For whatever chatter may arise now and then about the supposed decline in the quality of drafting from Kevin Colbert under Mike Tomlin, in comparison to the era under his predecessor, Bill Cowher, the one constant praise has always been that he has never delivered a first-round bust.

In fact, a good majority of his first-round selections, as they should, tended to grow into cornerstones of the franchise, which produced two Super Bowl trophies in three appearances in the championship game.

And the Colbert-Tomlin team have truly knocked some out of the park as a tandem. I refer specifically to Lawrence Timmons in 2007, Maurkice Pouncey in 2010, and Cameron Heyward in 2011.

All three of these selections have or soon will reach a second contract with the team, which is always a key measuring stick when it comes to draft picks when discussing longevity. But this realization also makes obvious the flip side of the coin—the fact that three of the Steelers’ past six first-round draft picks currently eligible for a second contract with the team have failed to reach that stage.

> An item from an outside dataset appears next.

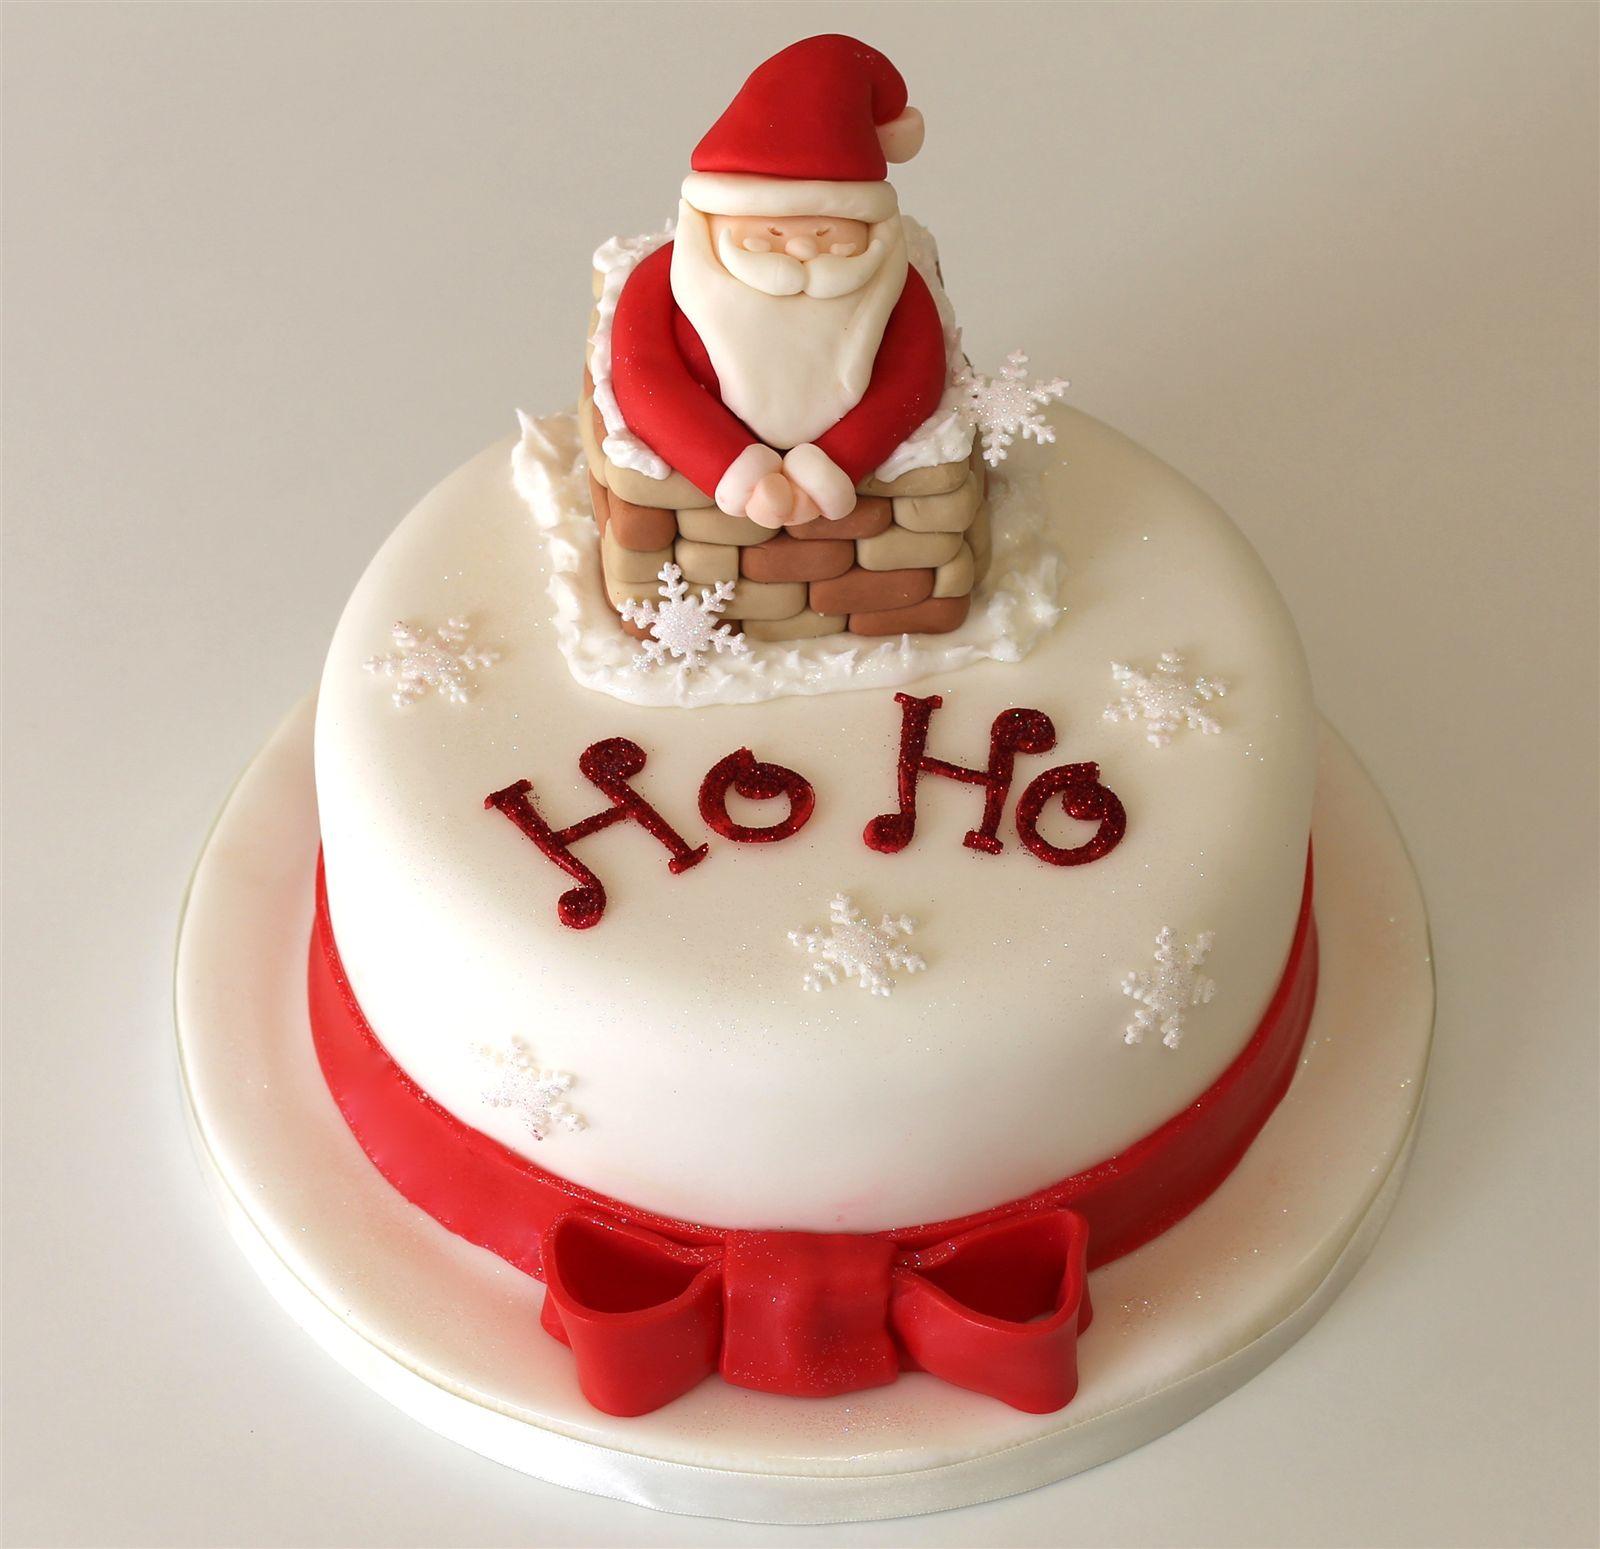 Birthday Cakes For You: Santa Claus Cake

Admittedly, this does go back just a year prior to Tomlin’s tenure with the team, after the Steelers traded up in the first round to select wide receiver Santonio Holmes in the first round of the 2006 NFL Draft.

As a matter of fact, the team traded Holmes to the Jets during the 2010 offseason for just a fifth-round pick. But of course that is after he commanded a remarkable postseason run in 2008 that he capped off with the game-winning touchdown in Super Bowl XLIII, which earned him MVP honors.

That alone makes him a successful draft pick. And to say that a first-round draft pick failed to reach a second contract with his original team is not to say that the pick was a bust by any means. In Holmes’ case, for example, he began to run into off-field troubles, and was facing a suspension for the 2010 season. In the final year of his rookie contract, it made sense to gamble on his future by trading him. And we all know what the Steelers got in return.

The Steelers drafted Rashard Mendenhall in 2008 after Willie Parker fractured his leg in the 2007 season finale and was never the same again. Mendenhall went on to have three very solid seasons and was a key factor in the team’s 2010 success, but after tearing his ACL in 2012 and following an incident of insubordination, the Steelers chose to move on at the end of his rookie contract, and they, again, ended up better off for it.

The following year, Pittsburgh began turning its eyes toward the future of the defensive line, selecting Ziggy Hood in the first round. He put in five solid years, mostly as a starter, and contributed to one of the best run defenses in recent memory during the 2010 Super Bowl run.

But by the end of his contract both parties realized that he was never an ideal fit, and they both sought options elsewhere. Hood found a new home, and the Steelers drafted Stephon Tuitt, who entered the starting lineup at defensive end faster than anybody else on the team in recent memory.

Not all of the Steelers’ first-round picks of late, as chronicled above, left the ballpark, but all proved to be solid short-term contributors, and none even approached the level of a bust. And they all ended up being replaced by arguably superior options. Which may give some hope for those still wringing their hands over Jarvis Jones.